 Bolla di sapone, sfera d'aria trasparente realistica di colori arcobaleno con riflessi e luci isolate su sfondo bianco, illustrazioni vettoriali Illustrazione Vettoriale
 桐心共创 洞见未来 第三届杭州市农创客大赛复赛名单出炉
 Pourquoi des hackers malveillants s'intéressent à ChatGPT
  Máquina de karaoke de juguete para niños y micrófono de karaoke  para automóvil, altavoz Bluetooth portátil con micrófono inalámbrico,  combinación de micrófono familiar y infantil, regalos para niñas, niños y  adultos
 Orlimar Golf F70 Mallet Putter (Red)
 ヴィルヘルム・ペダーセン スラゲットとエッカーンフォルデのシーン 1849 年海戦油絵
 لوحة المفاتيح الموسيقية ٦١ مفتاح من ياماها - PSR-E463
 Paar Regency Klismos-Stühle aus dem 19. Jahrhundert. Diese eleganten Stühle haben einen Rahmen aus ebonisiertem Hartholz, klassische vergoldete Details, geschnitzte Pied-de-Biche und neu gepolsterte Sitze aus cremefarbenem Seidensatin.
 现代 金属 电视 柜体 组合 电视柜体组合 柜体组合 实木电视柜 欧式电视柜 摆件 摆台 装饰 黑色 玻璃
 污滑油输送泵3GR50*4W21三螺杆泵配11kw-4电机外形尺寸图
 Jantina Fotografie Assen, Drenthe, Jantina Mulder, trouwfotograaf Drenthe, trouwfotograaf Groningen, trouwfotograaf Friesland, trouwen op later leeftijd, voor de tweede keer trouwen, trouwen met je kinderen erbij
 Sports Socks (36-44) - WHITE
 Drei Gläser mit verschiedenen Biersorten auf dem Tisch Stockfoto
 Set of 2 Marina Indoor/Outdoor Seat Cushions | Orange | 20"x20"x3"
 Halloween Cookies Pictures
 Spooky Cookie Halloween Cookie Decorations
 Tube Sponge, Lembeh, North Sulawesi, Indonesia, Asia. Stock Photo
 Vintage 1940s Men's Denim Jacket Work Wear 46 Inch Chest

• **Your task**
Give the listing again in full, and make every line match exactly.

• **Solution to this task**
 Bolla di sapone, sfera d'aria trasparente realistica di colori arcobaleno con riflessi e luci isolate su sfondo bianco, illustrazioni vettoriali Illustrazione Vettoriale
 桐心共创 洞见未来 第三届杭州市农创客大赛复赛名单出炉
 Pourquoi des hackers malveillants s'intéressent à ChatGPT
  Máquina de karaoke de juguete para niños y micrófono de karaoke  para automóvil, altavoz Bluetooth portátil con micrófono inalámbrico,  combinación de micrófono familiar y infantil, regalos para niñas, niños y  adultos
 Orlimar Golf F70 Mallet Putter (Red)
 ヴィルヘルム・ペダーセン スラゲットとエッカーンフォルデのシーン 1849 年海戦油絵
 لوحة المفاتيح الموسيقية ٦١ مفتاح من ياماها - PSR-E463
 Paar Regency Klismos-Stühle aus dem 19. Jahrhundert. Diese eleganten Stühle haben einen Rahmen aus ebonisiertem Hartholz, klassische vergoldete Details, geschnitzte Pied-de-Biche und neu gepolsterte Sitze aus cremefarbenem Seidensatin.
 现代 金属 电视 柜体 组合 电视柜体组合 柜体组合 实木电视柜 欧式电视柜 摆件 摆台 装饰 黑色 玻璃
 污滑油输送泵3GR50*4W21三螺杆泵配11kw-4电机外形尺寸图
 Jantina Fotografie Assen, Drenthe, Jantina Mulder, trouwfotograaf Drenthe, trouwfotograaf Groningen, trouwfotograaf Friesland, trouwen op later leeftijd, voor de tweede keer trouwen, trouwen met je kinderen erbij
 Sports Socks (36-44) - WHITE
 Drei Gläser mit verschiedenen Biersorten auf dem Tisch Stockfoto
 Set of 2 Marina Indoor/Outdoor Seat Cushions | Orange | 20"x20"x3"
 Halloween Cookies Pictures
 Spooky Cookie Halloween Cookie Decorations
 Tube Sponge, Lembeh, North Sulawesi, Indonesia, Asia. Stock Photo
 Vintage 1940s Men's Denim Jacket Work Wear 46 Inch Chest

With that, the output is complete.